> AIM OF THE TASK
Would you transcribe each entry precisely as it stands, setting aside any images?

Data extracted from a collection
******
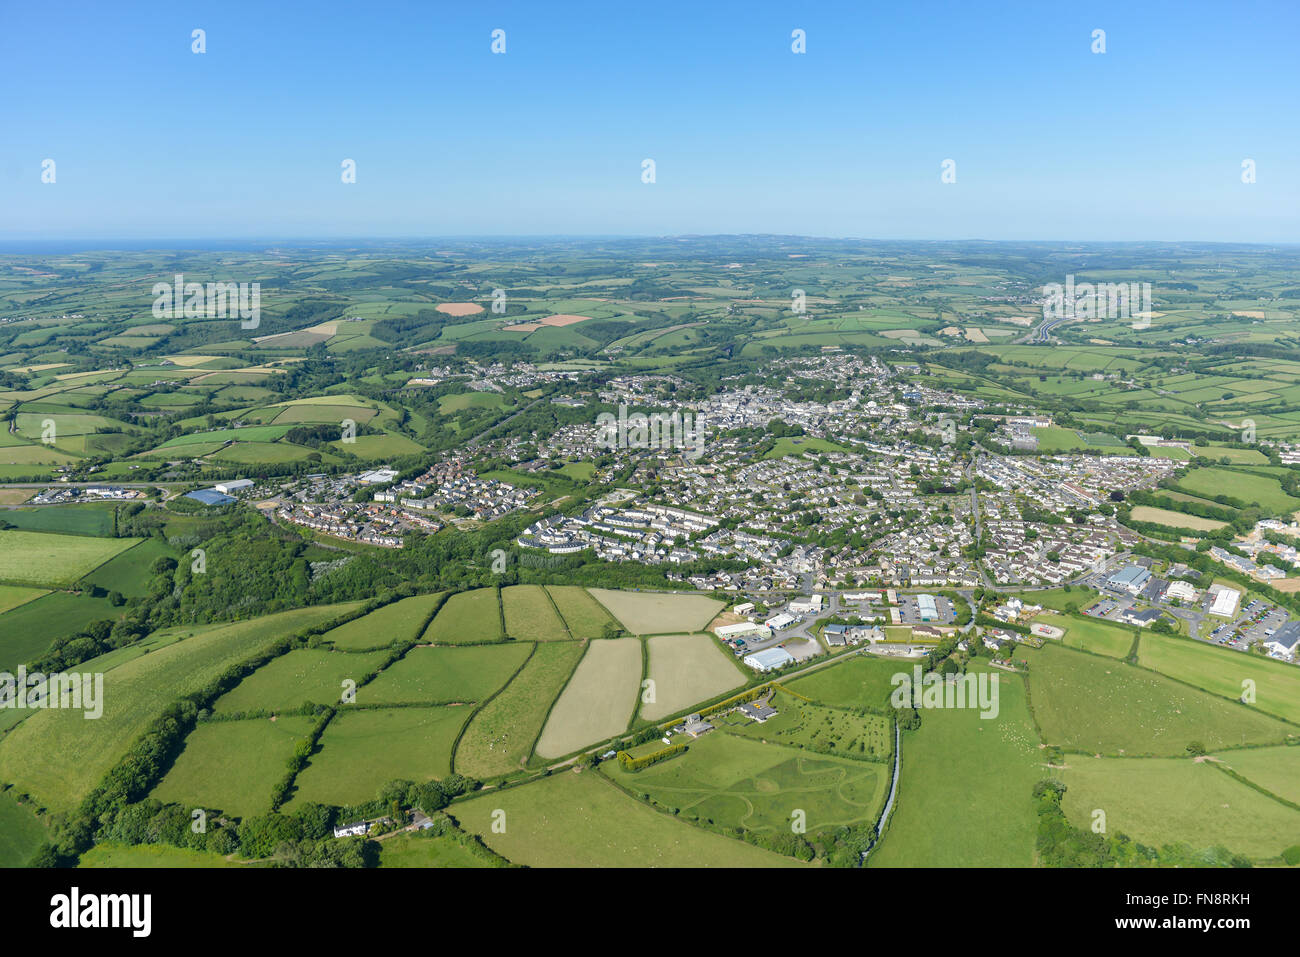 Une vue aérienne de la ville de Cornwall Liskeard et alentours Banque D'Images
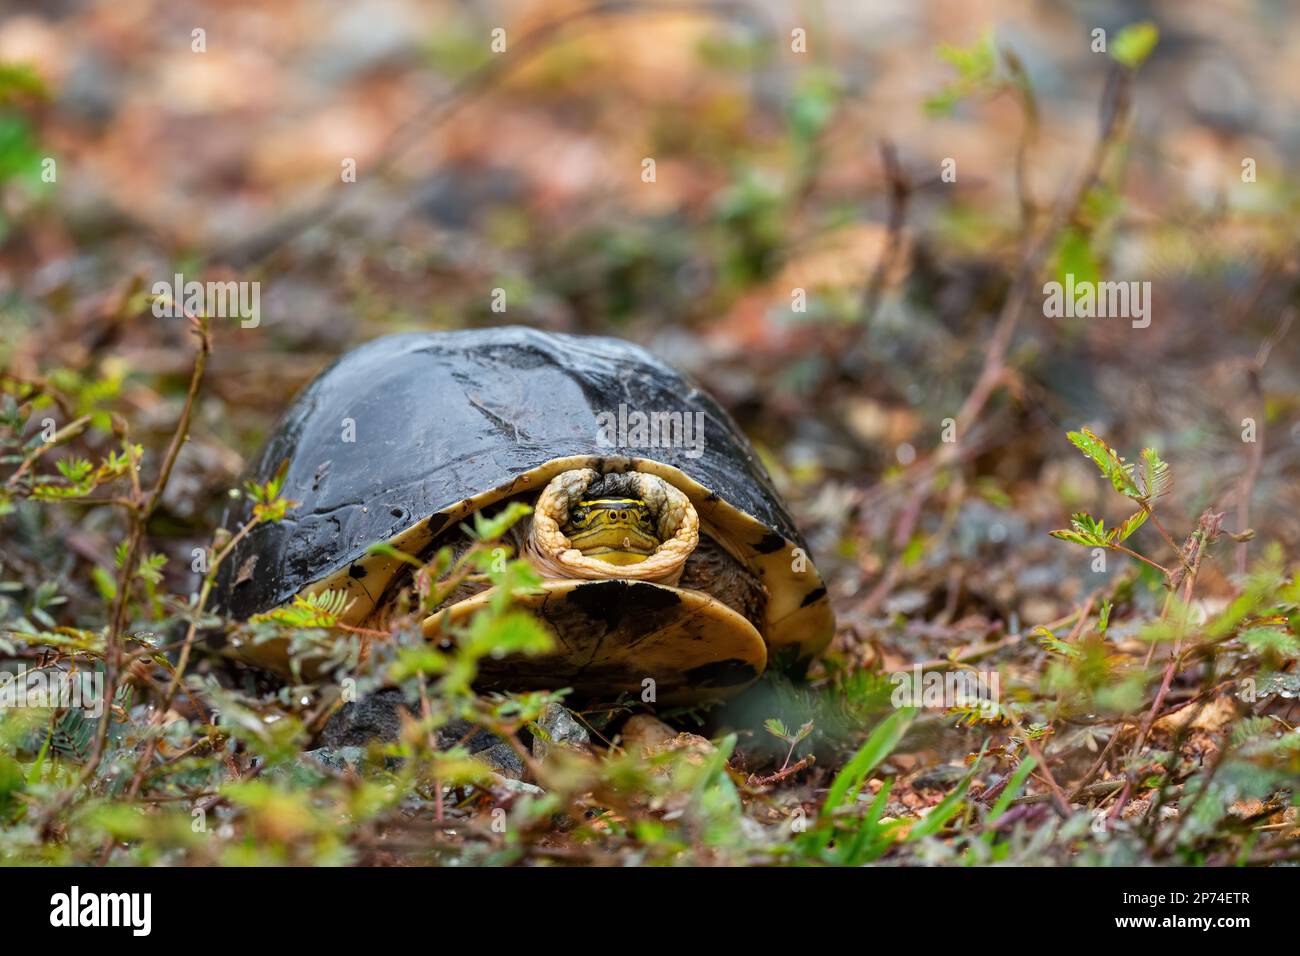 Amboina scatola tartaruga - Cuora amboinensis, bella grande tartaruga dalle foreste e dai boschi del sud-est asiatico, Malesia. Foto Stock
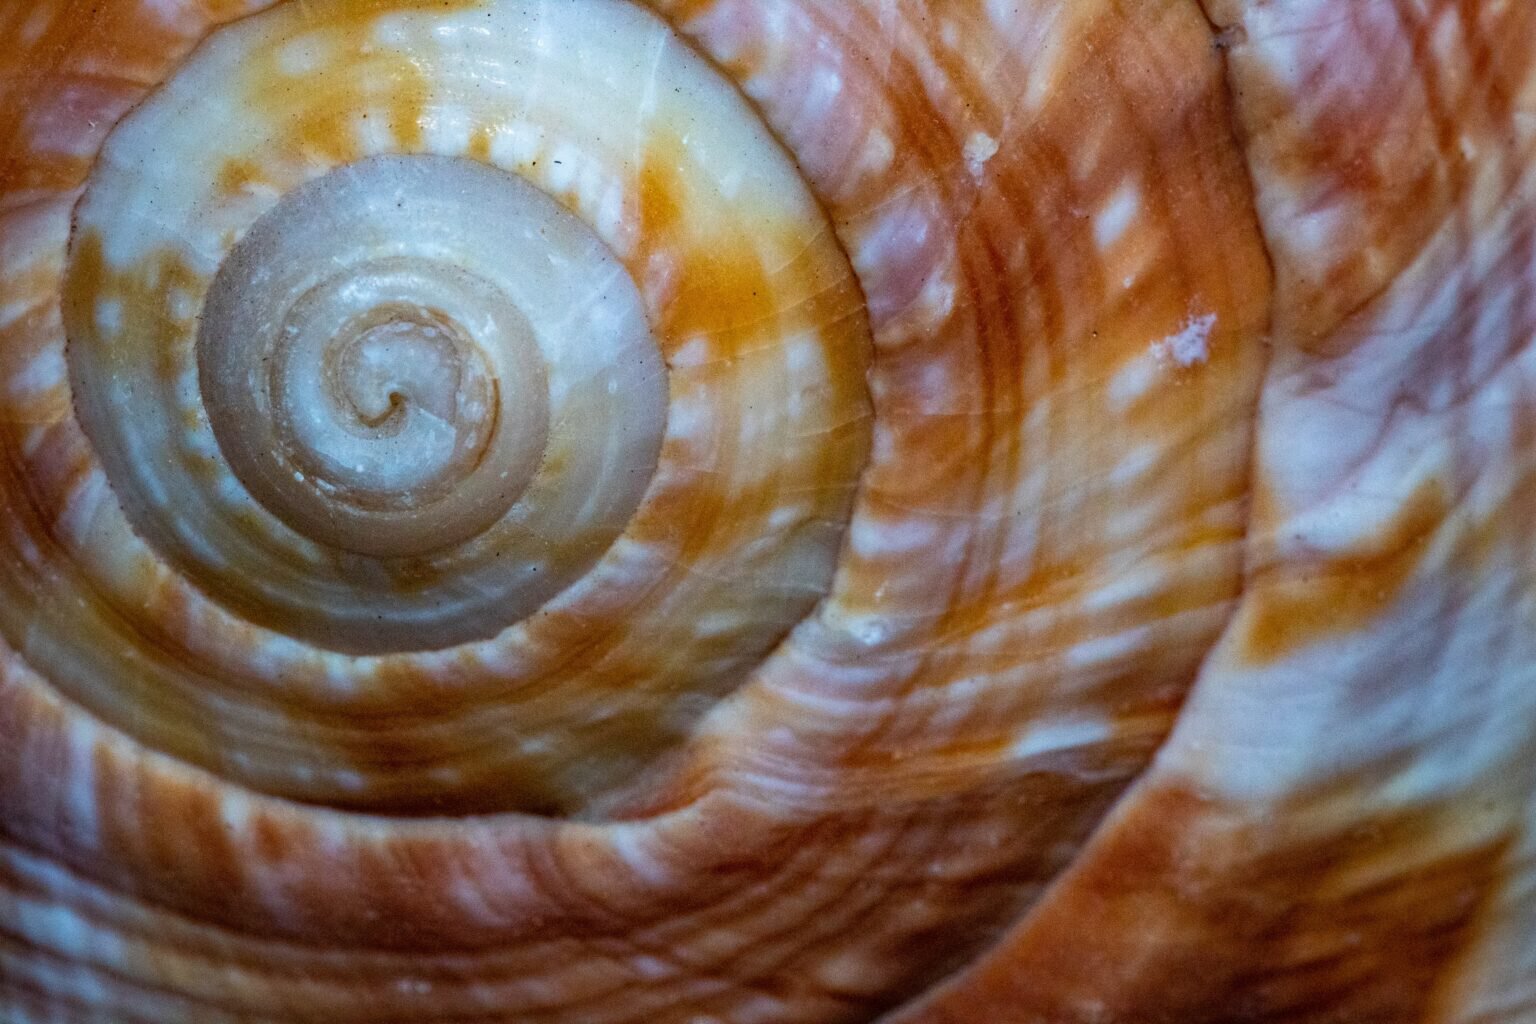 golden ratio shell spiral
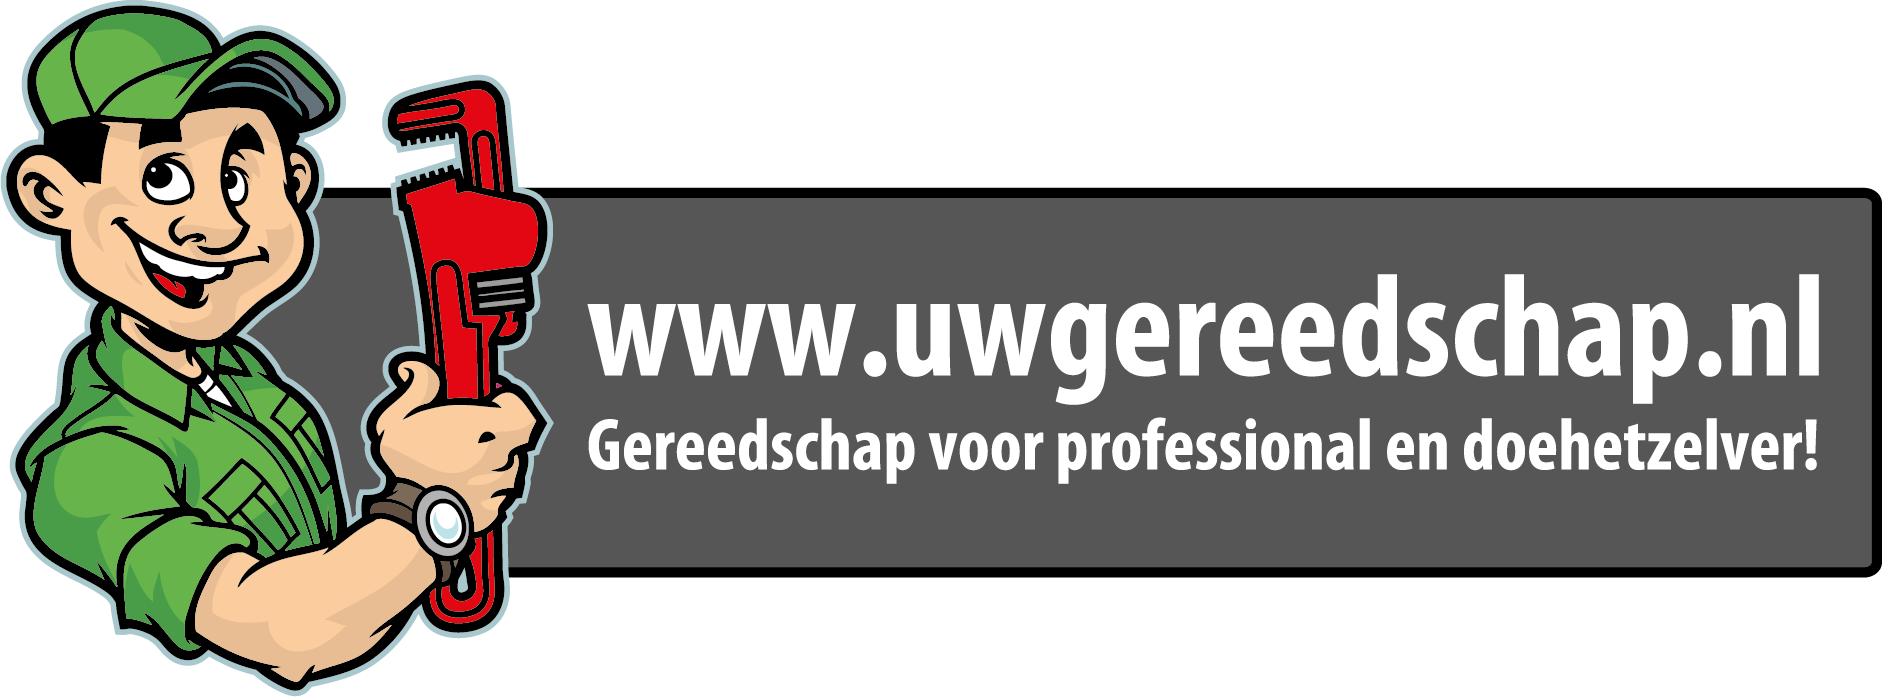 Uwgereedschap.nl | ervaringen Uwgereedschap.nl - feedbackcompany.com
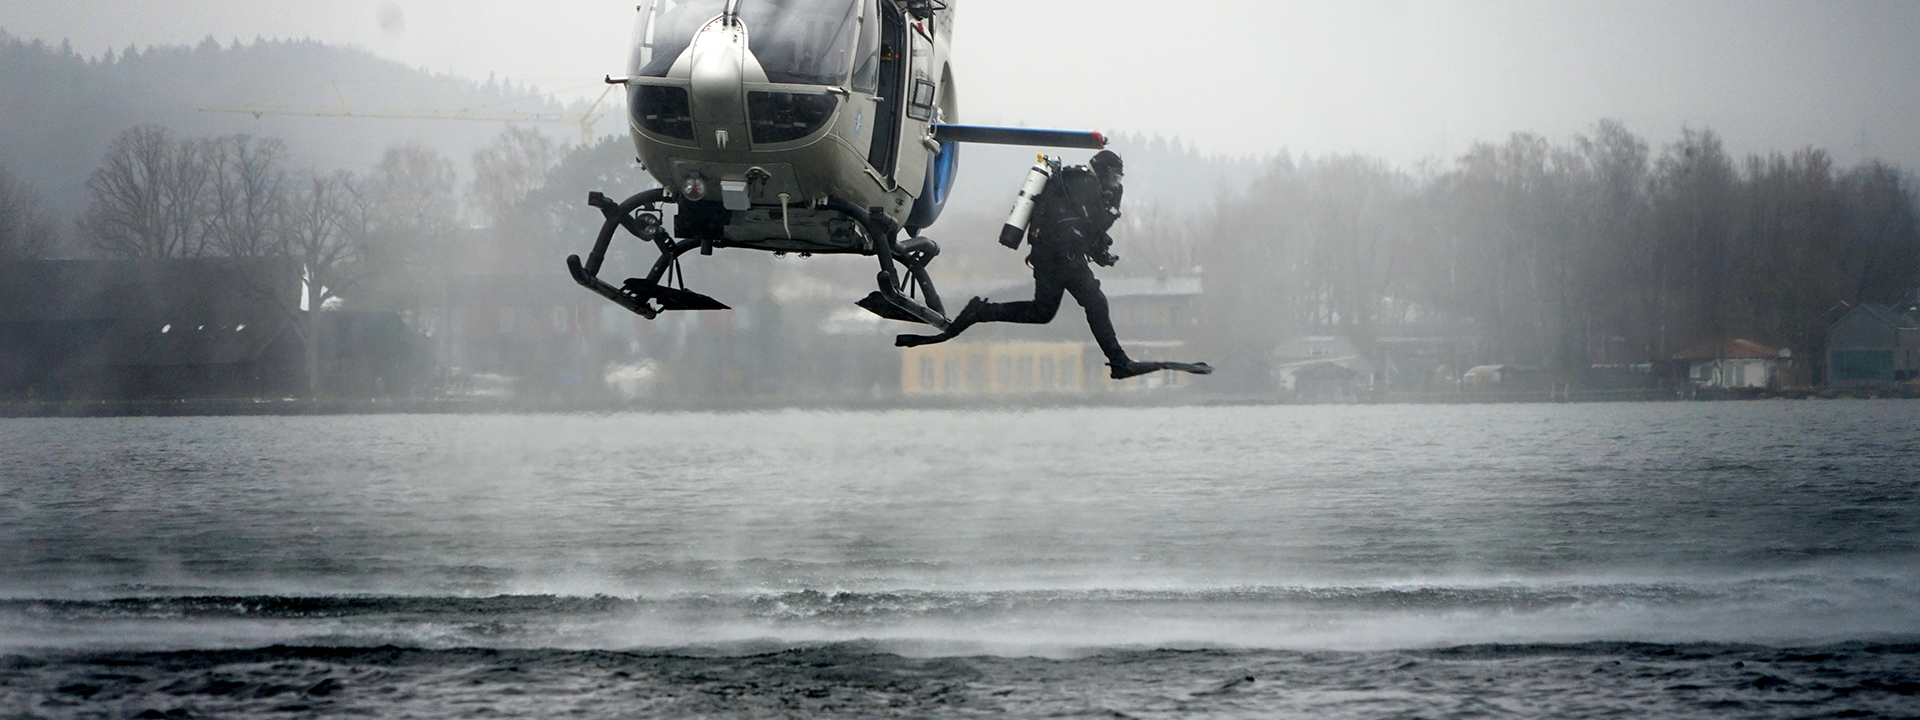 Polizeitaucher springt aus Hubschrauber
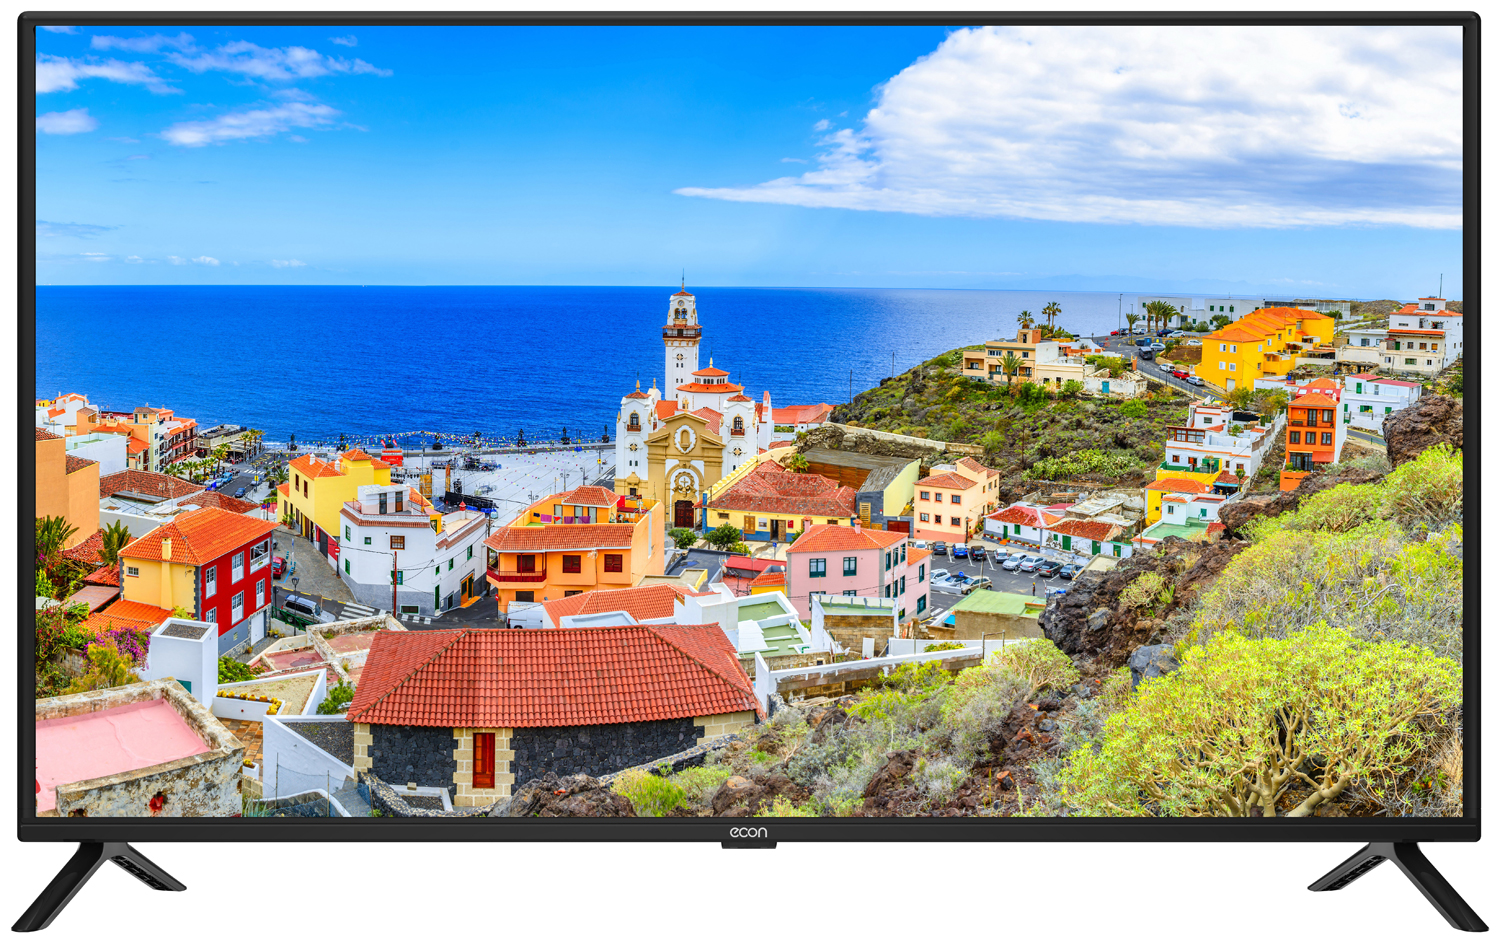 Картинка Телевизор ECON EX-40FT003B по разумной цене купить в интернет магазине mall.su
******
> RESPONSE AREA
 Une vue aérienne de la ville de Cornwall Liskeard et alentours Banque D'Images
 Amboina scatola tartaruga - Cuora amboinensis, bella grande tartaruga dalle foreste e dai boschi del sud-est asiatico, Malesia. Foto Stock
 golden ratio shell spiral
 Uwgereedschap.nl | ervaringen Uwgereedschap.nl - feedbackcompany.com
 Polizeitaucher springt aus Hubschrauber
 Картинка Телевизор ECON EX-40FT003B по разумной цене купить в интернет магазине mall.su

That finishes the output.